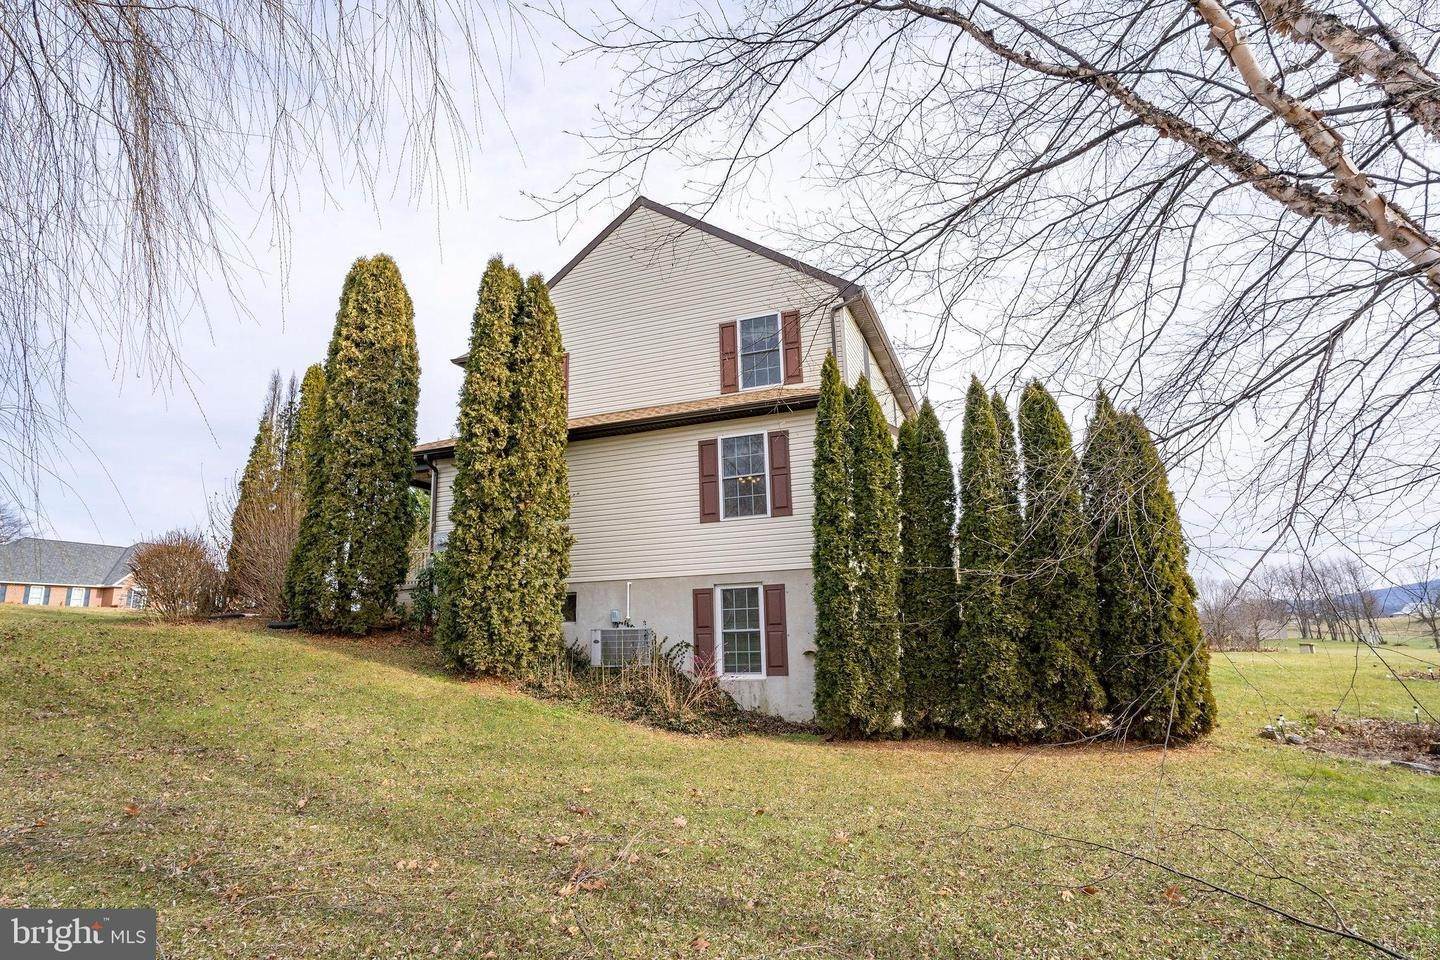 17. Residential for Sale at 108 COUNTRY Lane Richland, Pennsylvania 17087 United States
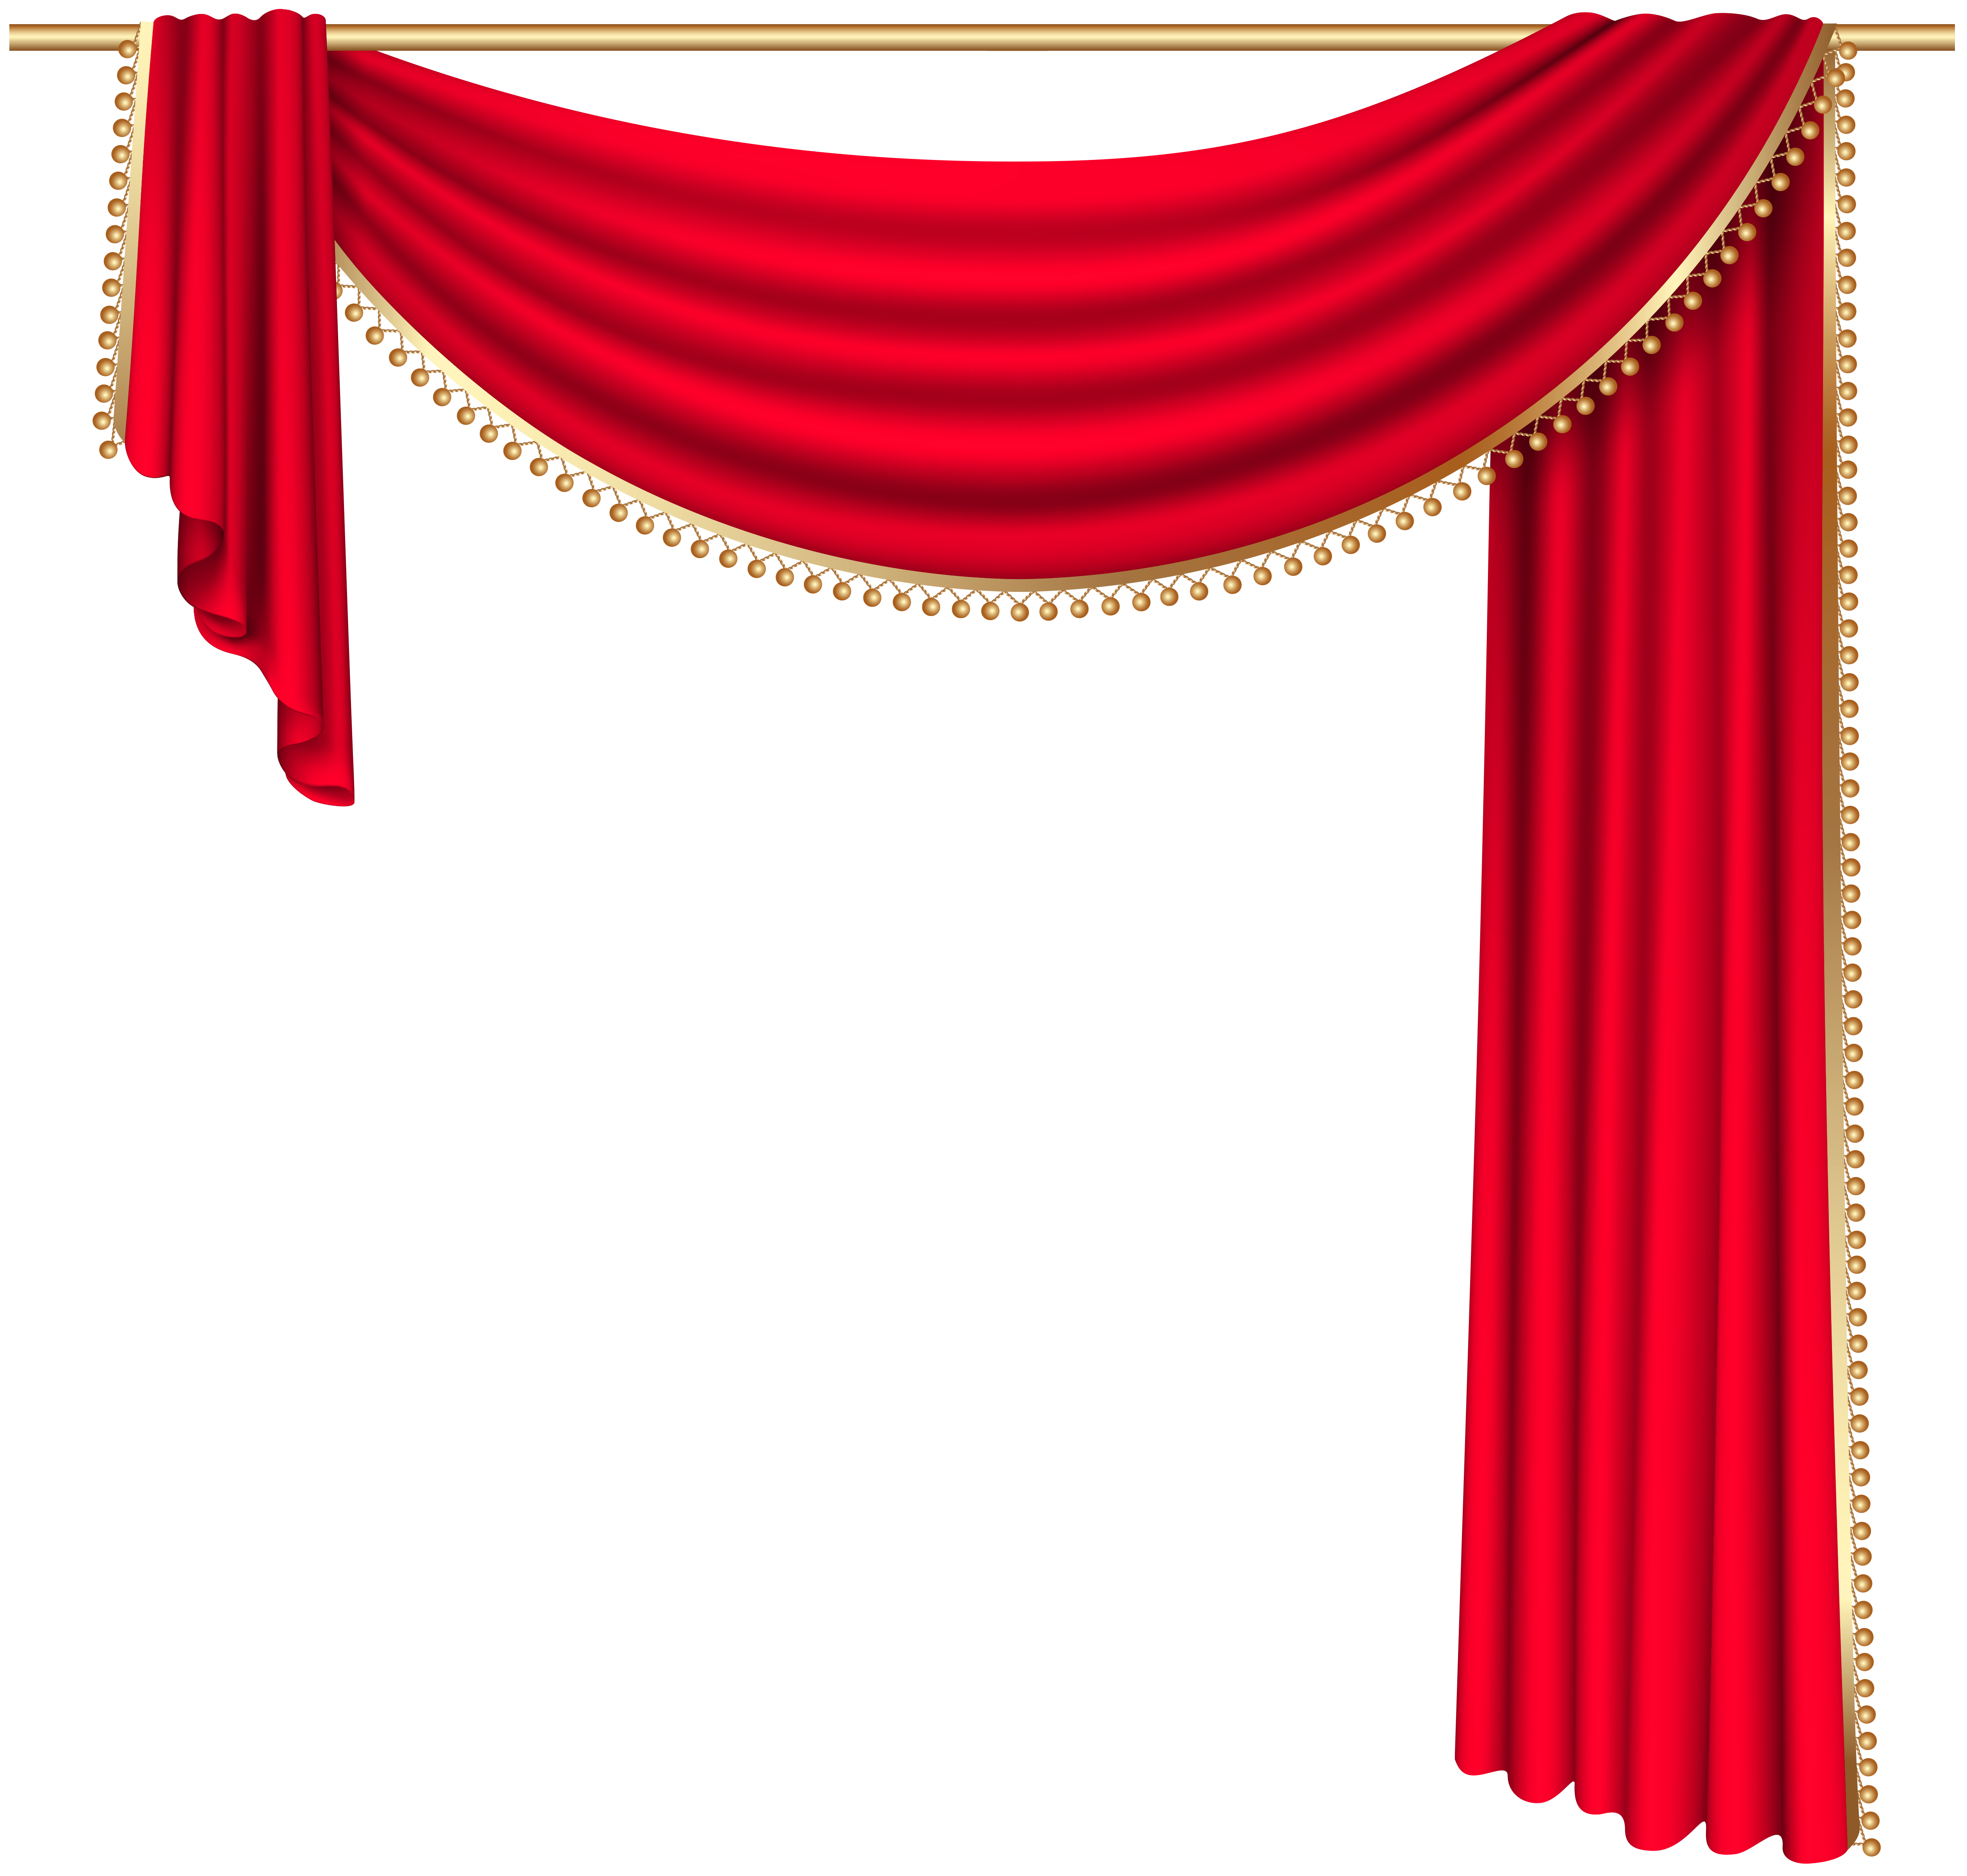 red curtain transparent png clip art image mukesh #17446
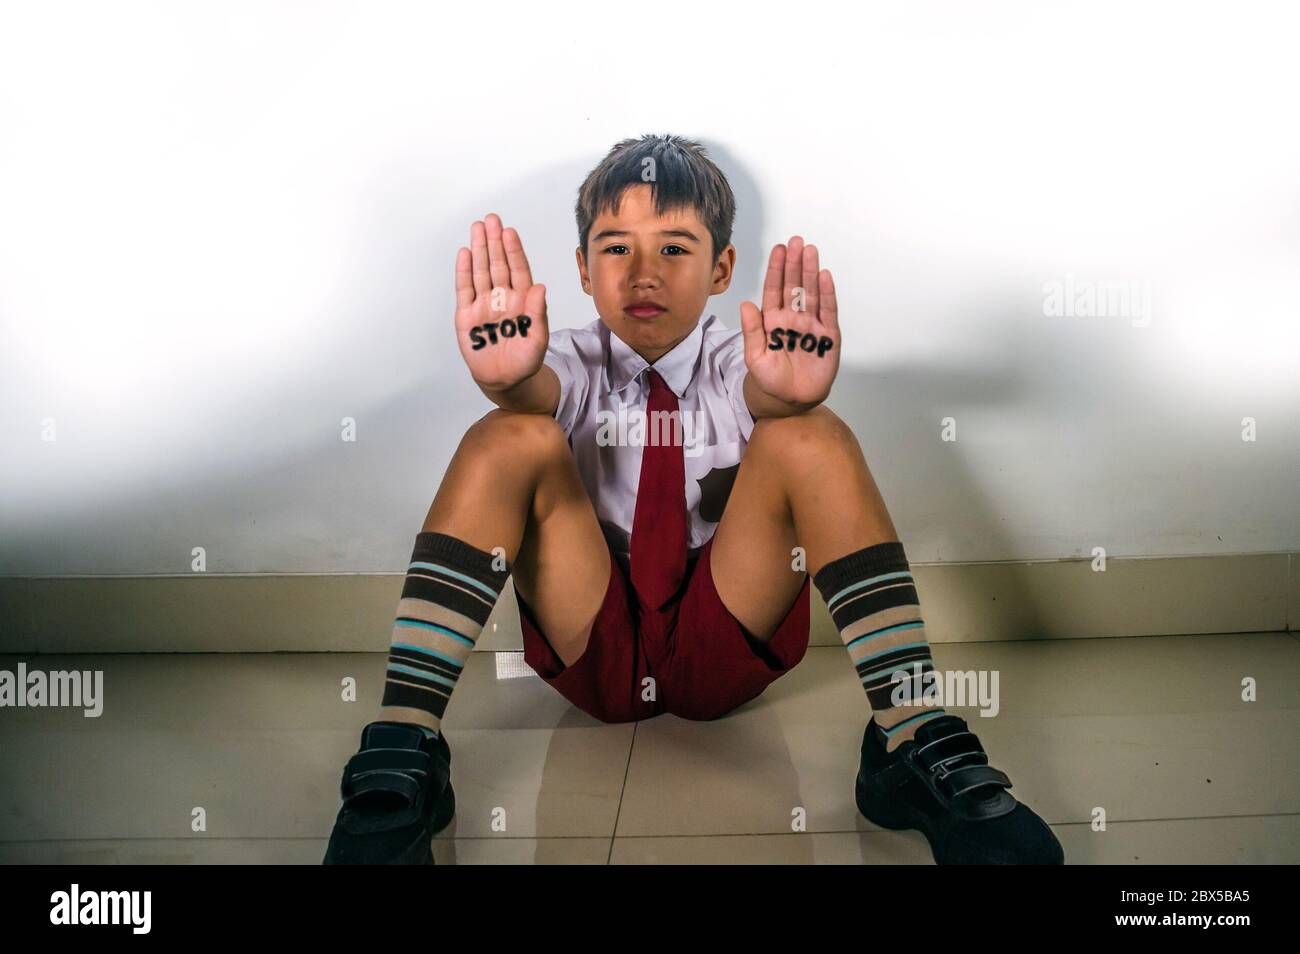 lifestyle dramatic isolated portrait of young kid sad and depressed suffering bullying problem and abuse at school with stop word written on his hands Stock Photo
_____
→ EXERCISE DETAILS
Without the pictures, transcribe exactly the lines above from the one containing "red curtain transparent" through the last.

→ RESULT FOR THIS EXERCISE
 red curtain transparent png clip art image mukesh #17446
 lifestyle dramatic isolated portrait of young kid sad and depressed suffering bullying problem and abuse at school with stop word written on his hands Stock Photo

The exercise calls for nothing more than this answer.